I'm inclined to believe the answer is written into the DNA of conservative extremism—that deeply conservative people are more politically tribal than others, and more inclined to confront cognitive dissonance by entertaining conspiracy theories and cocooning themselves in communities with like-minded true believers. I'm peddling an incredibly amateur sociology. But if I'm right, it implies that the reactionary nature of the American far right is the cause, not the consequence, of the observable differences in tone and substance between conservative and liberal rhetoric in the U.S.. Or of the vast differences between liberal and conservative American media.
And if that's the case, it probably wouldn't change much if Republican politicians became a bit more measured in their attacks on Democrats, Democratic policies, liberalism and so on. If anything, it's probably more accurate to say that Republicans engage in overheated, apocalyptic rhetoric to remain in good standing with these fixed elements of their political coalition than that they actively engender the underlying beliefs.
But to the extent that they have any control at all over the temperature on the right, the responsible thing to do is turn it down. That we can't accurately attribute any particular hurricane to the warming of the planet likewise doesn't absolve us of our responsibility to emit fewer heat-trapping gases.

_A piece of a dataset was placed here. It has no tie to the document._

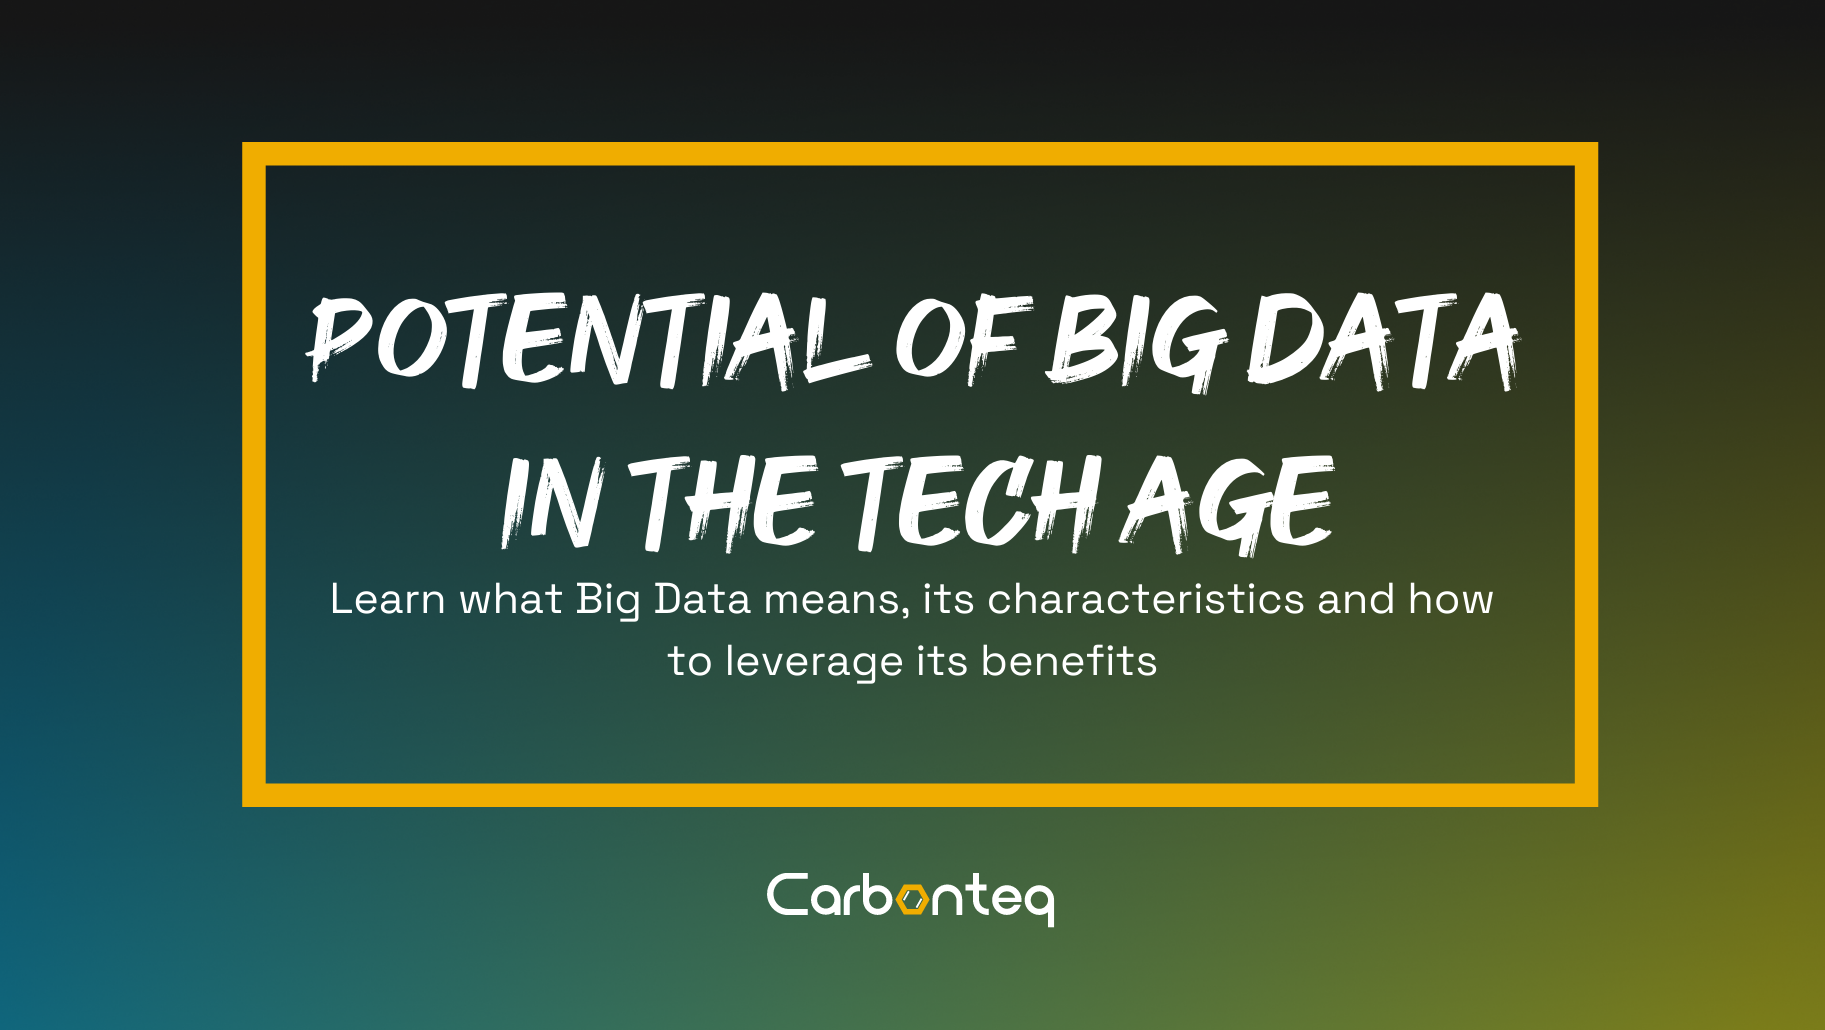 The Potential of Big Data in Technological Age

And here's where I expect conservatives will respond by pointing out that Democrats have said totally outrageous stuff, too! But I don't think it's bathing the left in glory to say that the basic narrative Democrats propound about the right is far less provocative than the fire-stoking that Republicans engage in.

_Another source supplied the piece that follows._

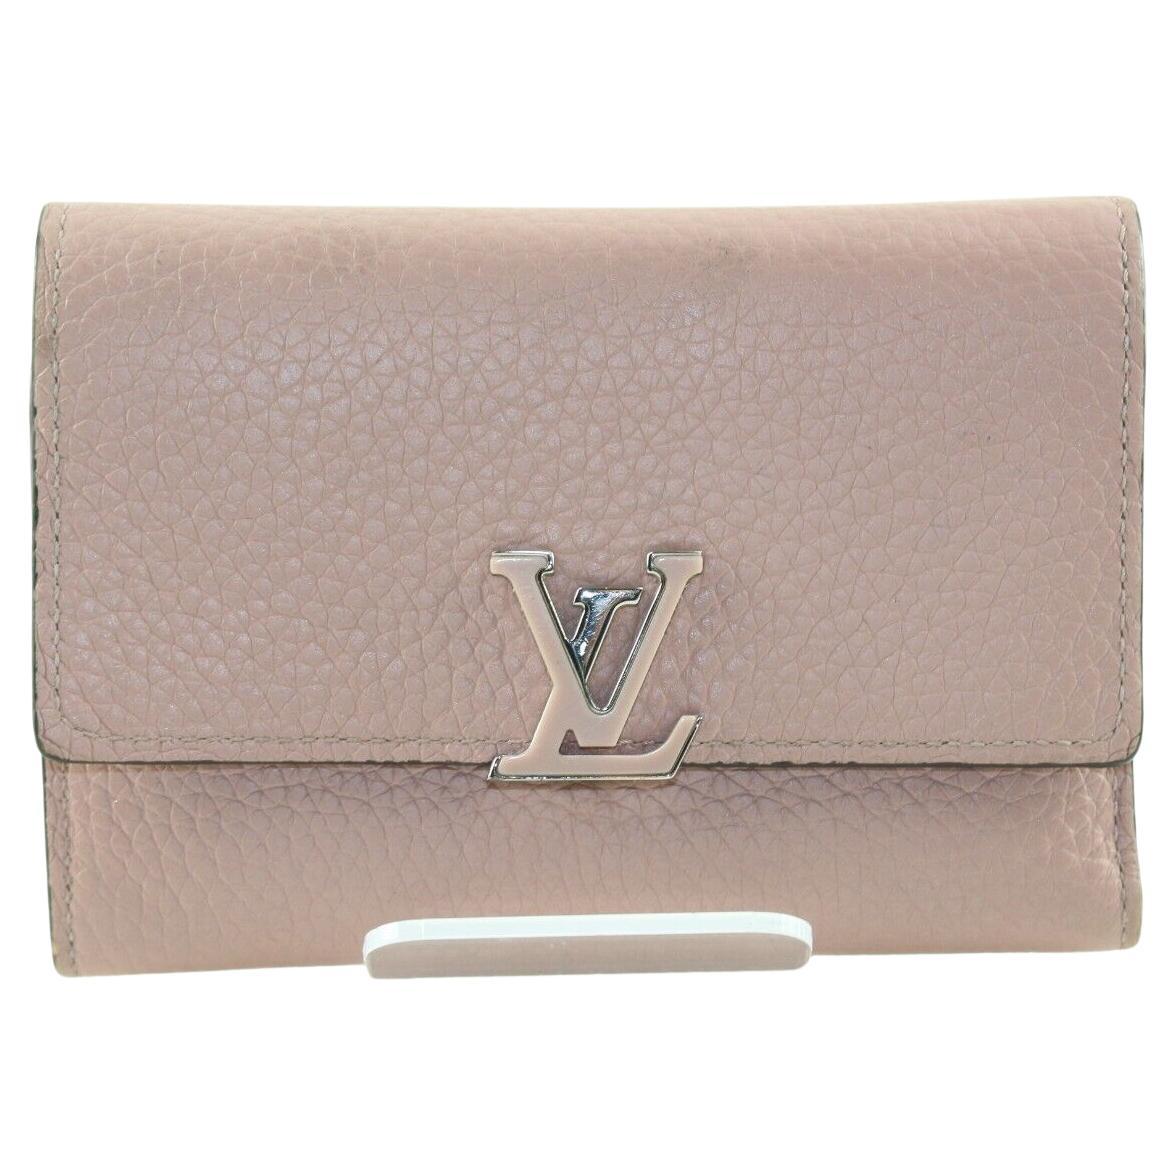 LOUIS VUITTON Blush Pink Taurillong Leather Capucines Wallet 1LV1219K For Sale

The basic story Democrats tell voters about Republicans and their donors is that they're plutocrats who don't really care about poor and middle class people, and are deeply beholden to an increasingly aged, increasingly resentful white base.

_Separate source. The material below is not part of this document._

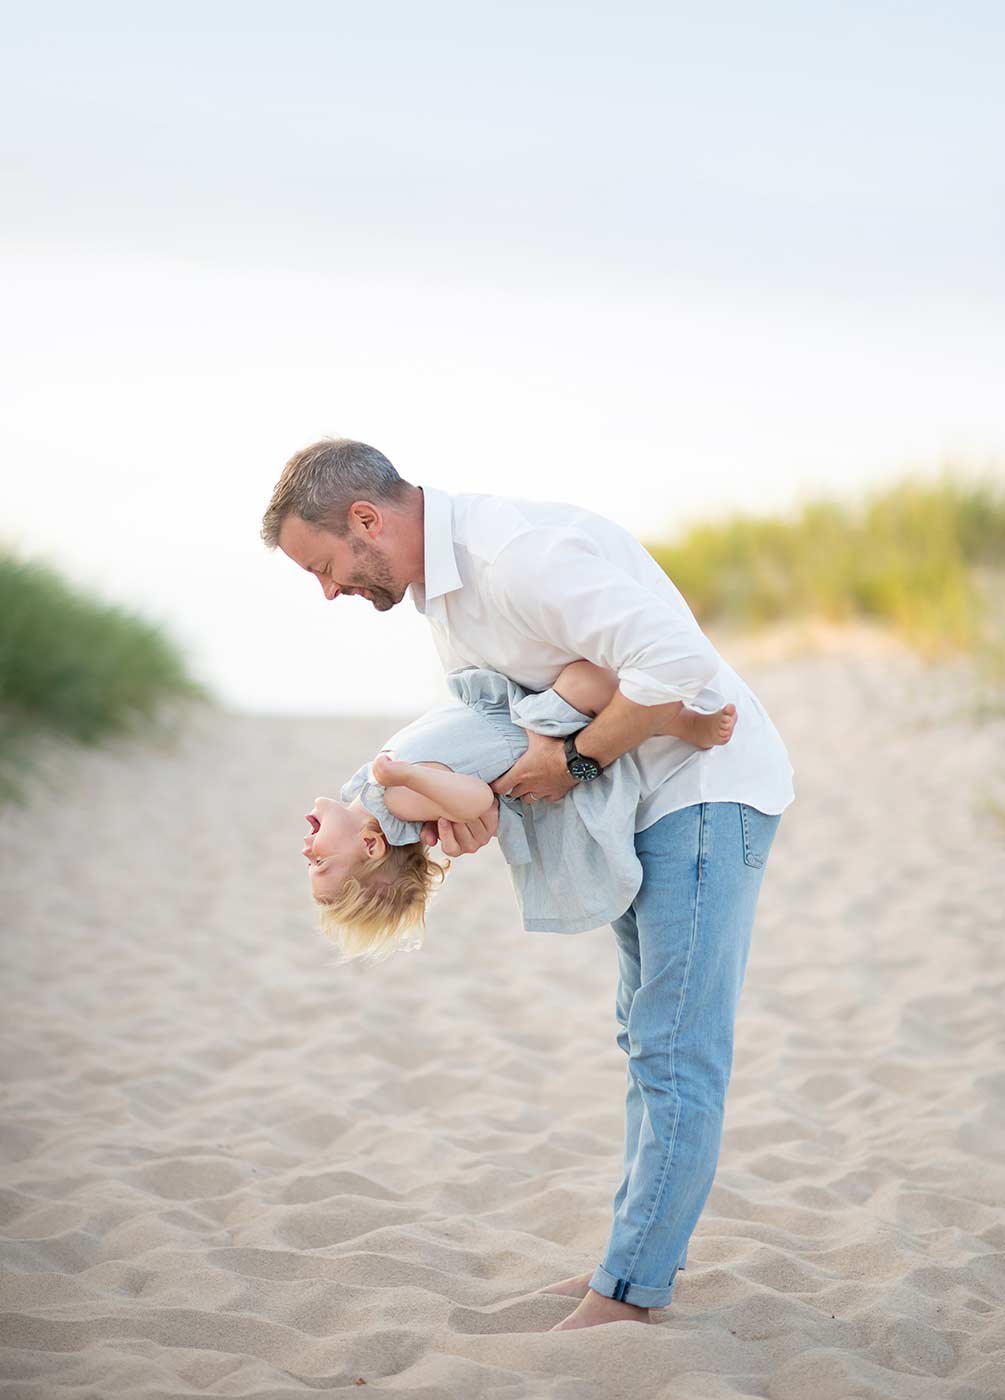 Father sharing a playful moment with his daughter on a beach near Westhampton, NY

The GOP's story about Democrats is a bit more diffuse, but it tends toward invocations of tyranny. They'll take your (money/guns/freedoms/lives). Pick your poison.
When Democrats tried to pass an extremely modest gun law in the aftermath of the Newtown massacre, Ted Cruz said the real goal was "a federal list of every gun owner in America." When Democrats more recently proposed a constitutional amendment to effectively reverse the consequences of the Citizens United ruling, he said they were trying to "repeal the First Amendment."
Paul Waldman cited Senator Ron Johnson, who lamented last year that the survival of the Affordable Care Act had denied the country its "last shred of freedom." But you could just as easily cite the "death panel" smear from the beginning of Obama's presidency or the martyrization of Cliven Bundy just a few weeks ago, and a dozen other misbegotten efforts in between. If I bought into all of it, I'd probably take certain paranoid suspicions of the American far right more seriously.
As it happens, Jerad Miller was one of Bundy's avengers, until he was booted for being a convicted felon. A bunch of people have pored through his Facebook page already, to learn more about his political leanings. For whatever reason, I was most interested in seeing what he'd posted just before and after the 2012 election. I learned, among other things, that he was a Ron Paul-ite, who supported libertarian Gary Johnson over Republican Mitt Romney. He bought in to all of the familiar conspiracy theories—the really fringe stuff, but also things like Benghazi, which Republican politicians continue to inflame to this day. He likewise believed that, "[O]bama is forcing hobby lobby to pay for abortions." His wife once worked there. He worried she "may not have a job soon. thanks all who voted for him. idiots, i cant wait for your food stamps to get taken away in major austerity programs that will be affecting you soon."
If you believe that law enforcement and IRS officers are agents of a fascist takeover of the country, then your misapprehensions about Benghazi, or the Affordable Care Act, welfare, and various forms of contraception probably aren't your biggest concern. But your paranoia has been well fed anyhow. And needlessly so.